Hey, .TakaM, I love your work. I've been trying to get into pixel art for a while but I just have no creativity to think of things to draw. I've read lots of tutorials such as Derek Yu's and the ones on SpriteArt.com and experimented with other peoples pictures.

It was pretty easy to spot your IsoCity piece. 
	

	
	
		
		

		
		
	


	




Anyway, keep up the good work.


----------



## .TakaM (Jul 29, 2006)

heh thanks, if you want to get into pixel art.. the easiest way to do so (atleast it was for me) is tiling, just making a 16x16 grass tile and seeing how it looks repeated a lot can help you learn a lot


now, Im still working on these tiles, bit of a showcase of some new stuff:


----------



## CatScam (Jul 29, 2006)

Excellent job TakaM, I did tile pixel work for games on the Amiga using Dpaint.
It was a awesome paint program for tiling & working out animations, EA tried to
put out a version for the PC but it sucked. Although there is a very nice replacement
for the PC called Pro Motion. If your really using MSpaint to do these, do yourself a
favor & give it a try. I know we all get comfortable with the tools we know best, but
Pro Motion is made for what you’re doing & should make your life much easier. 

Try the Pro Motion 30 day trial.
http://www.cosmigo.com/promotion/


----------



## bay0man (Aug 8, 2006)

i maked gfx with ms pant but it sucks ass... now i use photoshop.. betterer but promotion also cool... oldschool!

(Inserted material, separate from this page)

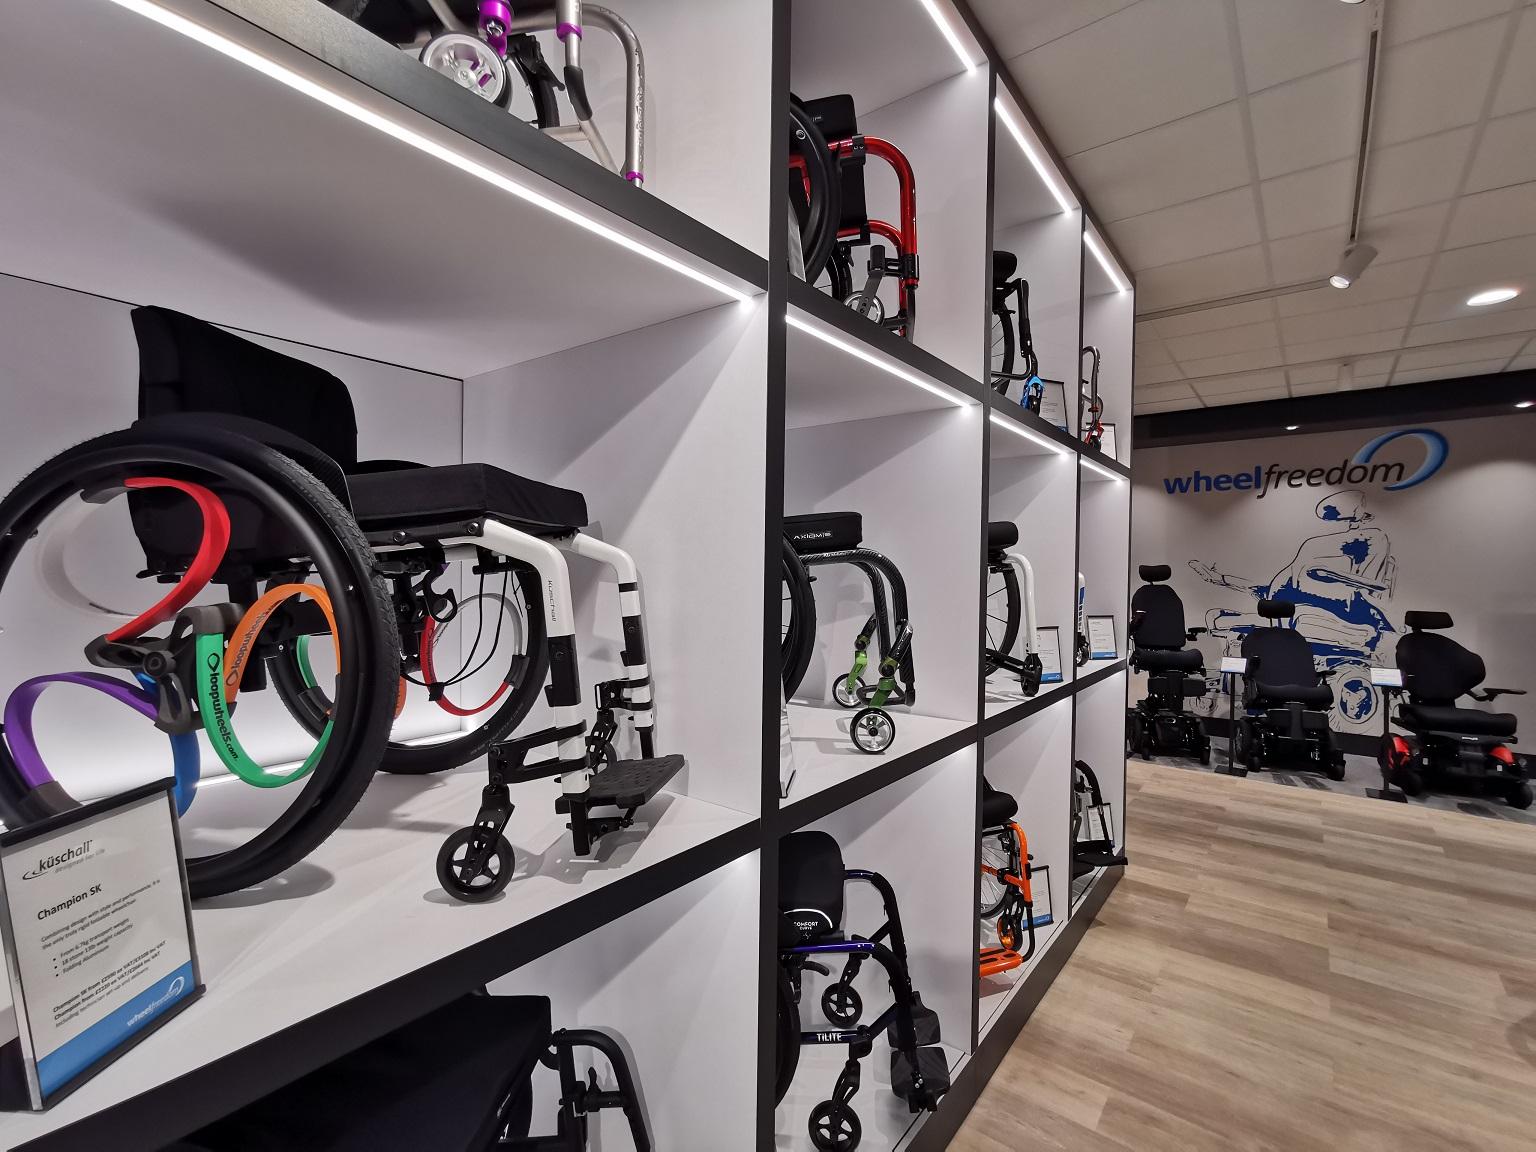 WheelFreedom Showroom2
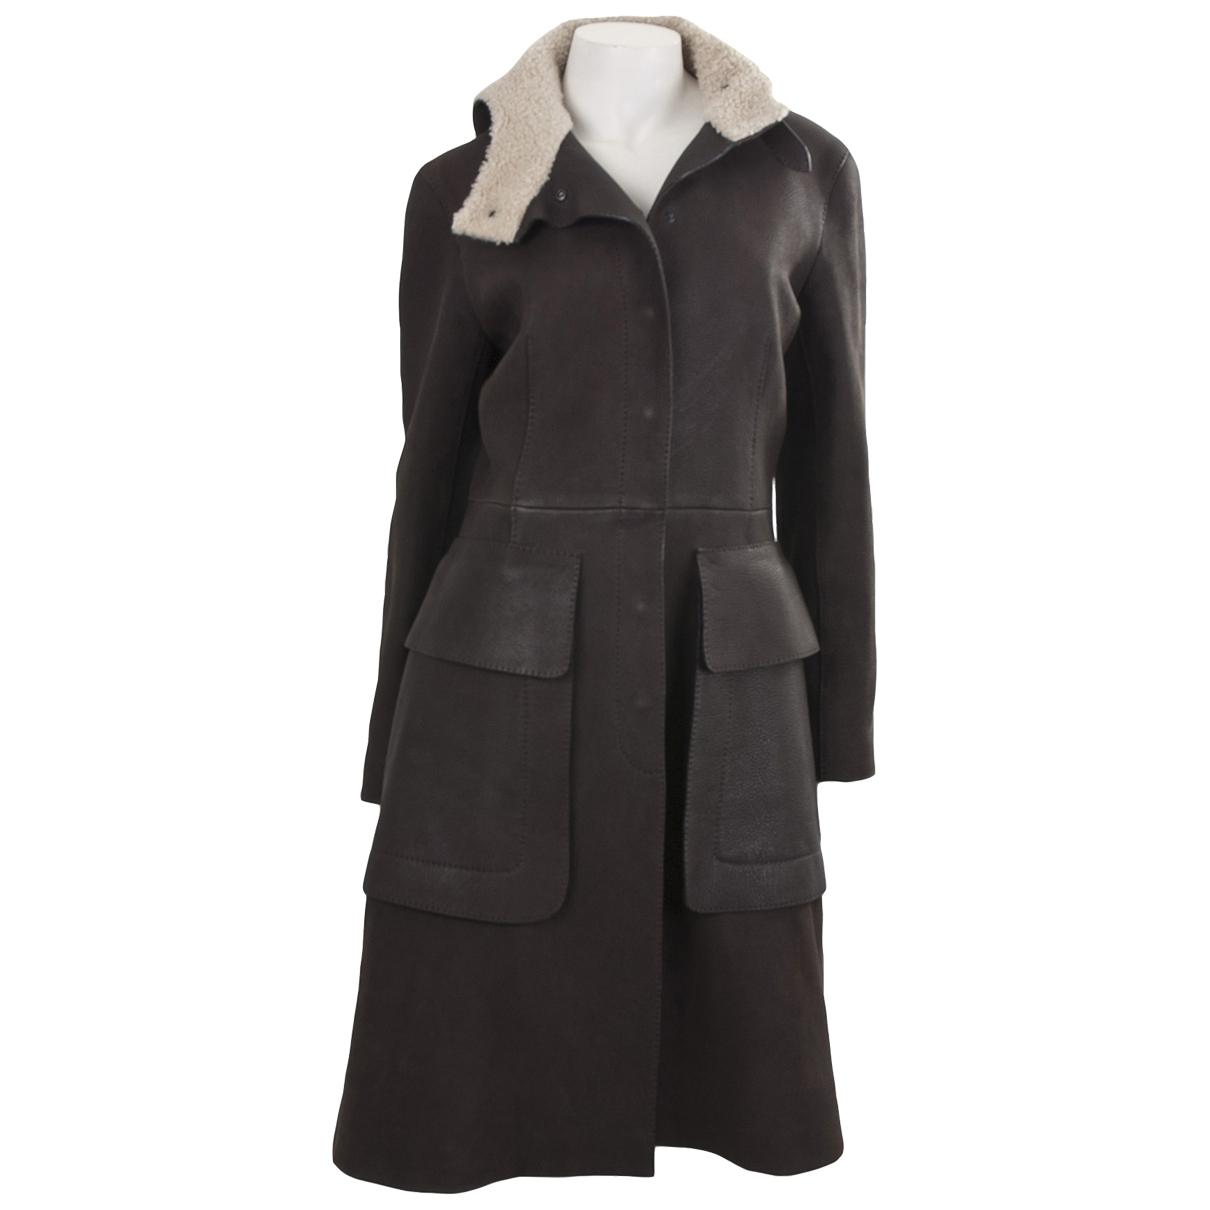 Hermès \N Brown Leather coat for Women 38 FR

*EDIT by jumpman17:* there's no need for that, inappropriate part removed.


----------



## Orc (Aug 8, 2006)

QUOTE(CatScam @ Jul 29 2006 said:


> Excellent job TakaM, I did tile pixel work for games on the Amiga using Dpaint.
> It was a awesome paint program for tiling & working out animations, EA tried to
> put out a version for the PC but it sucked. Although there is a very nice replacement
> for the PC called Pro Motion. If your really using MSpaint to do these, do yourself a
> ...



Me, I use GraphicsGale. It has a free version that's better than MSPaint lol... 
http://www.humanbalance.net/gale/us/


----------



## Elrinth (Aug 8, 2006)

impressive... somewhat washed out colours.. but i like it! 
	

	
	
		
		

		
		
	


	



maybe that's the fault I do, I use to colourful colors.


----------



## Eruonen (Aug 9, 2006)

Wow. that's just beautiful


----------